Nonostante questo, Waring sostiene di aver trovato negli ultimi mesi decine di esempi di creature simili a quelle presenti sulla Terra, fossili, altre rovine e persino umanoidi alieni. Discutendo delle sue ultime scoperte, il ricercatore ha spiegato: “La macchina fotografica del rover, riprende in primo piano e sullo sfondo….sì, avete indovinato, tre segni di vita. Due di questi segni sono la prova schiacciante di vita intelligente in questa terra desolata, tanto da scolpire i volti della loro cultura sulla pietra. Il terzo indizio viene da una creatura inferiore, una conchiglia poco vicino.

Con tutte prove trovate dal rover, la Nasa si mostra scettica. Eppure il suo “motto” non sarebbe “Per il bene di tutti?” In un secondo post ha poi sottolineato: “Stiamo parlando di geroglifici che erano presenti in un’immagine scattata dal “Rover Spirit”, nelle quali si intravede una struttura simile a una roccia che contiene scritte o immagini destinate a comunicare un messaggio” (foto sopra).

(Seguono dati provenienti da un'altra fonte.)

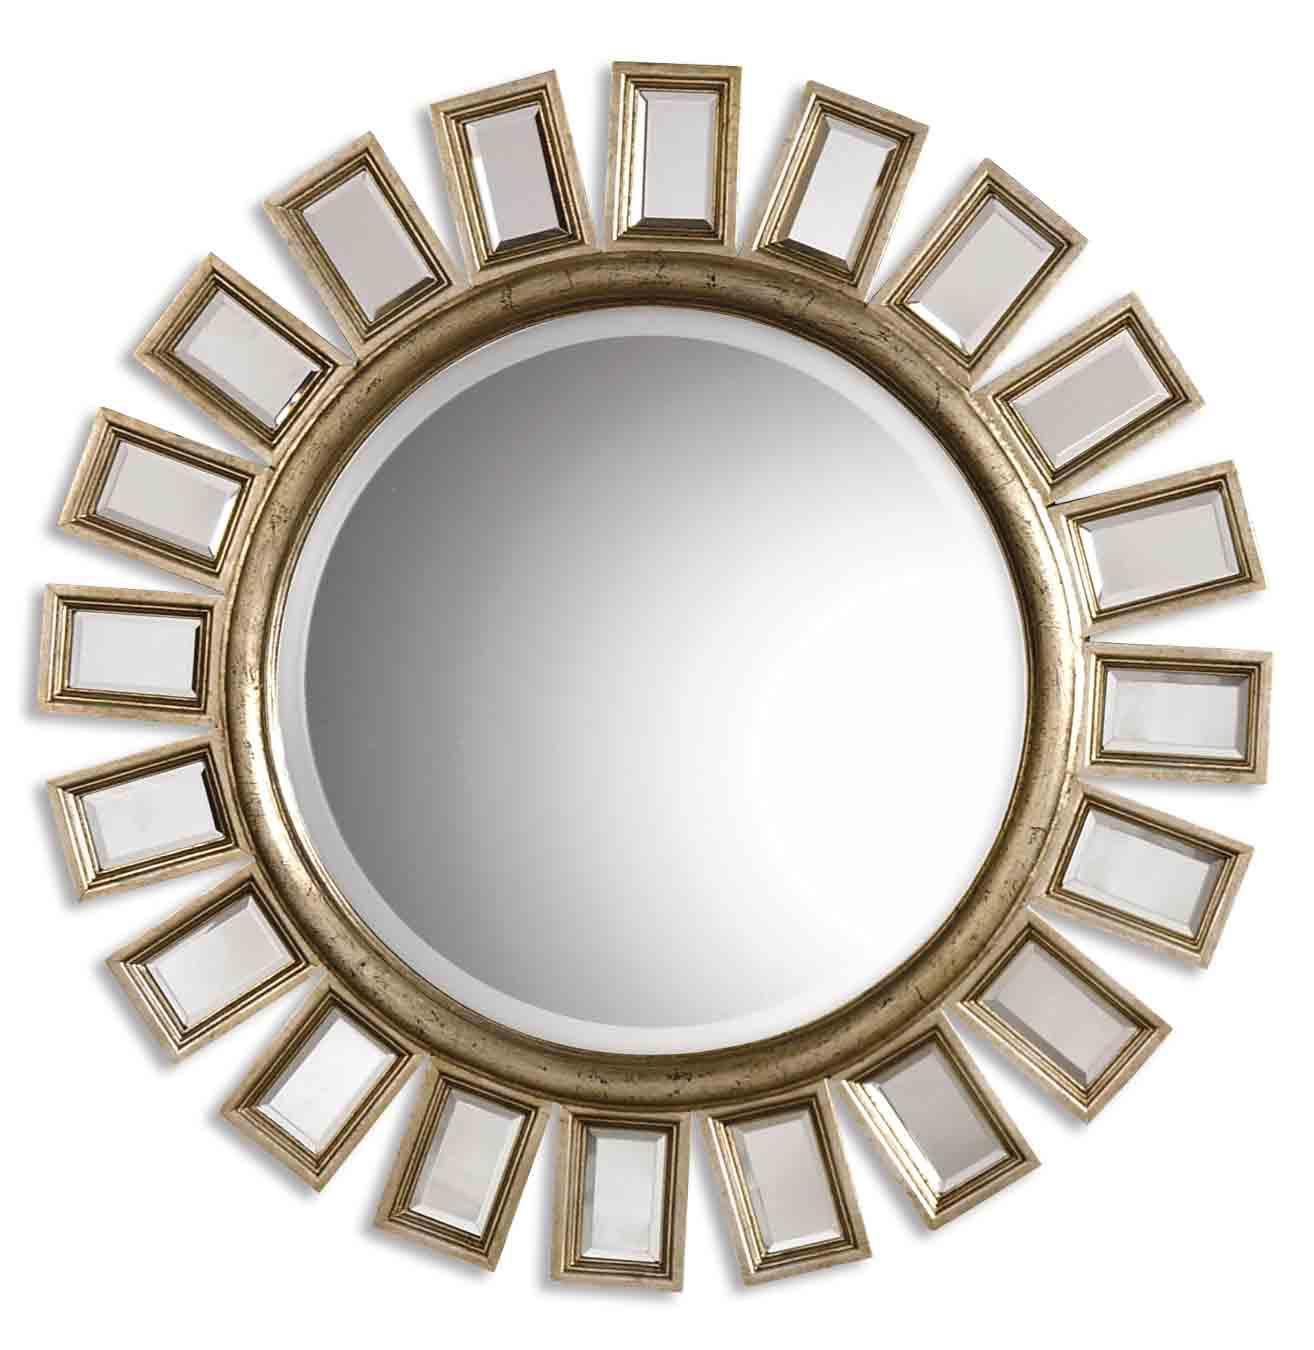 Uttermost Mirrors Cyrus - Item Number: 14076 B
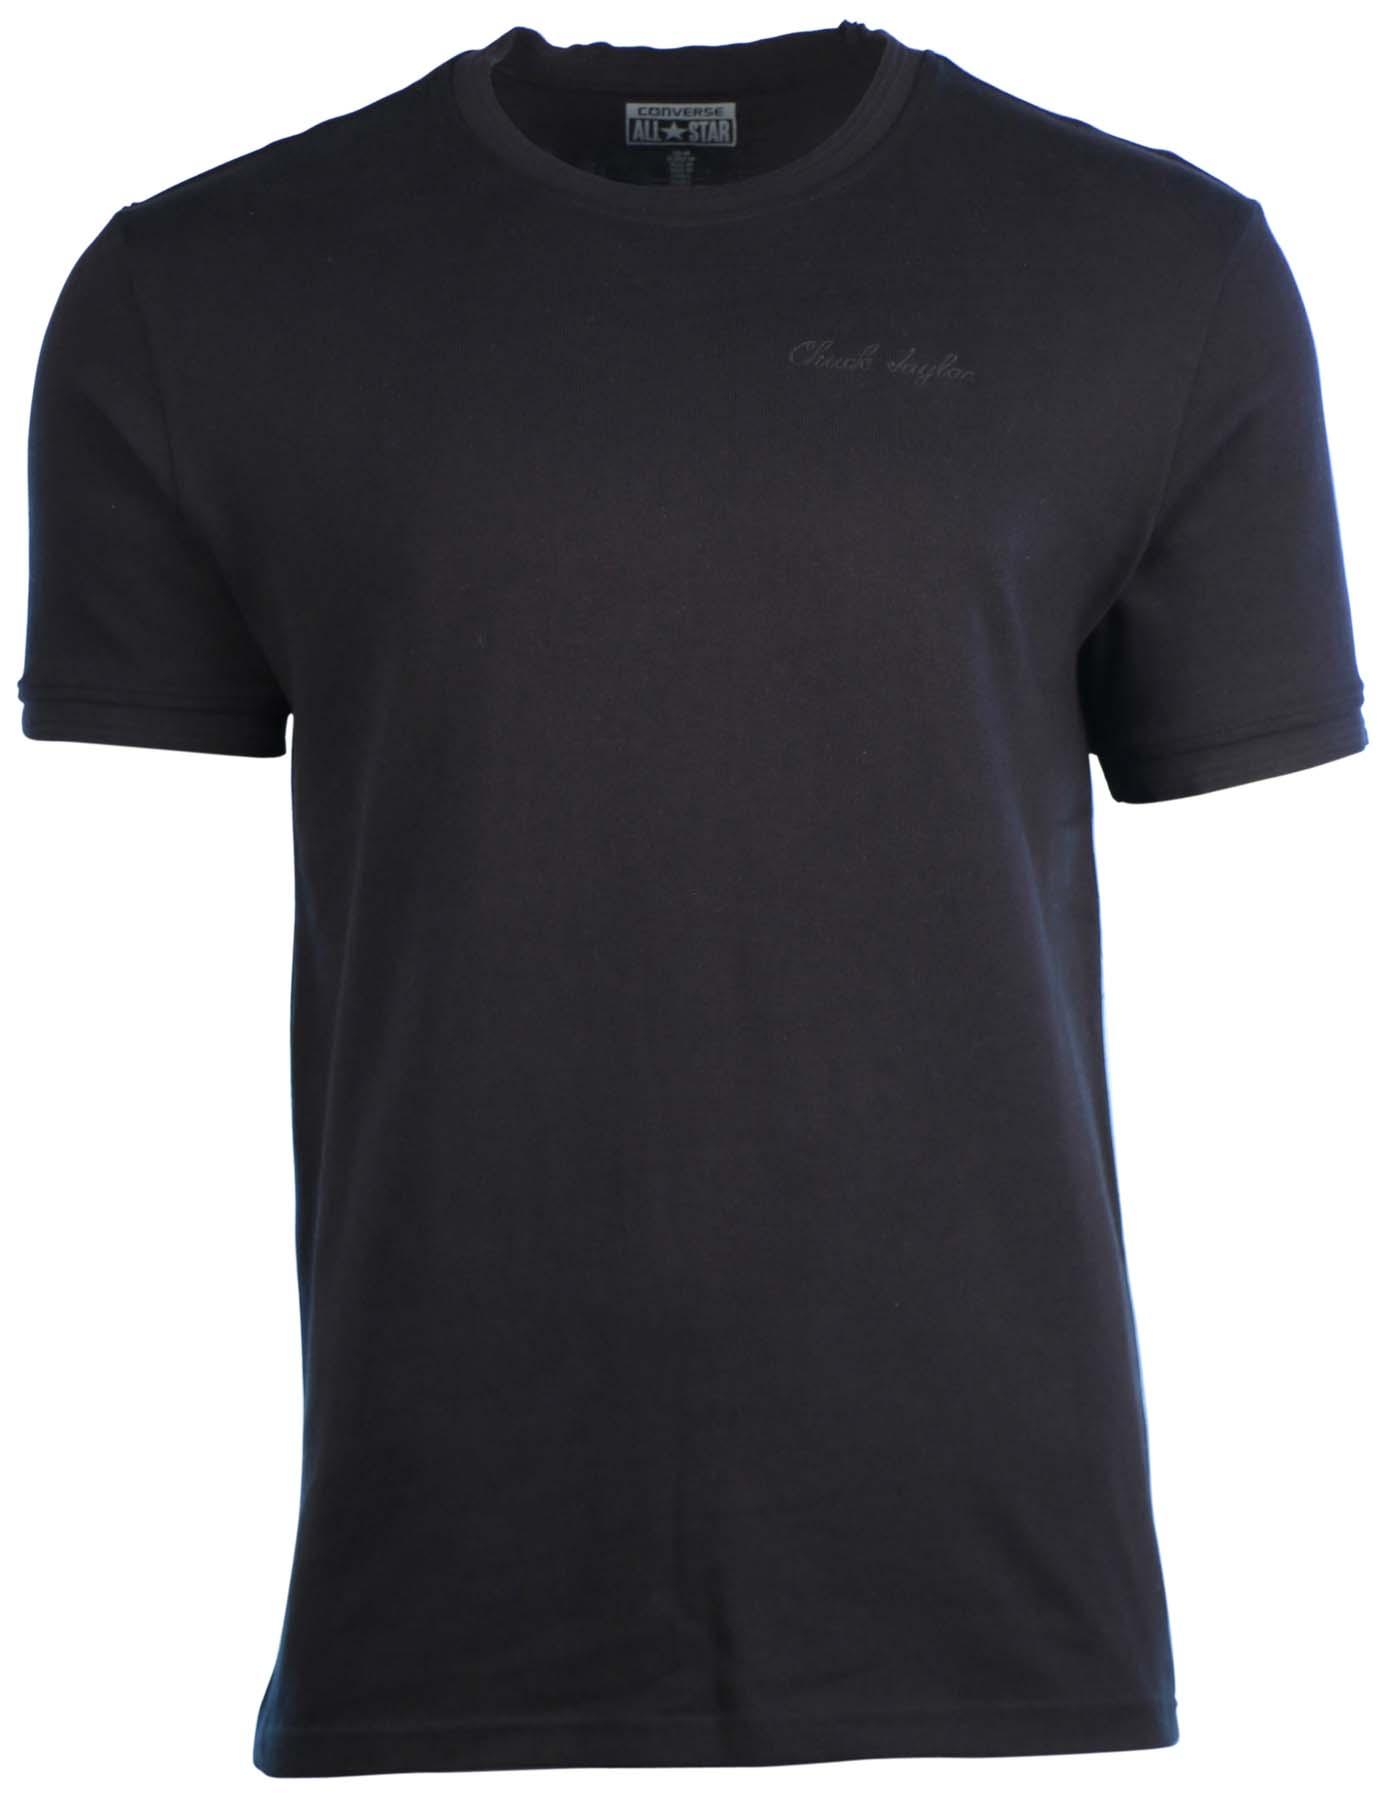 dcb791b080d2 Converse Men s Racked Ringer Chuck Taylor Casual Shirt

Gli scettici si sono affrettati a definire tali segni come il risultato dell’illusione  pareidolitica, un fenomeno subcosciente che tende a ricondurre a forme note oggetti o profili (naturali o artificiali) dalla forma casuale, per cui il cervello inganna gli occhi facendogli credere di vedere oggetti familiari nelle nuvole o sulla superficie di una roccia, combinandosi, in questo caso, con l’immaginazione attiva di Waring. Ma non tutto è frutto di immaginazione. Nel corso del tempo abbiamo riportato molti casi in cui la NASA aveva nascosto le prove di segni di vita sul pianeta rosso, prove suffragate da materiale fotografico catturato dai Rovers. Certamente molte di queste fotografie mostrano piramidi, edifici e cupole che fanno pensare alla presenza di forme di vita extraterrestre.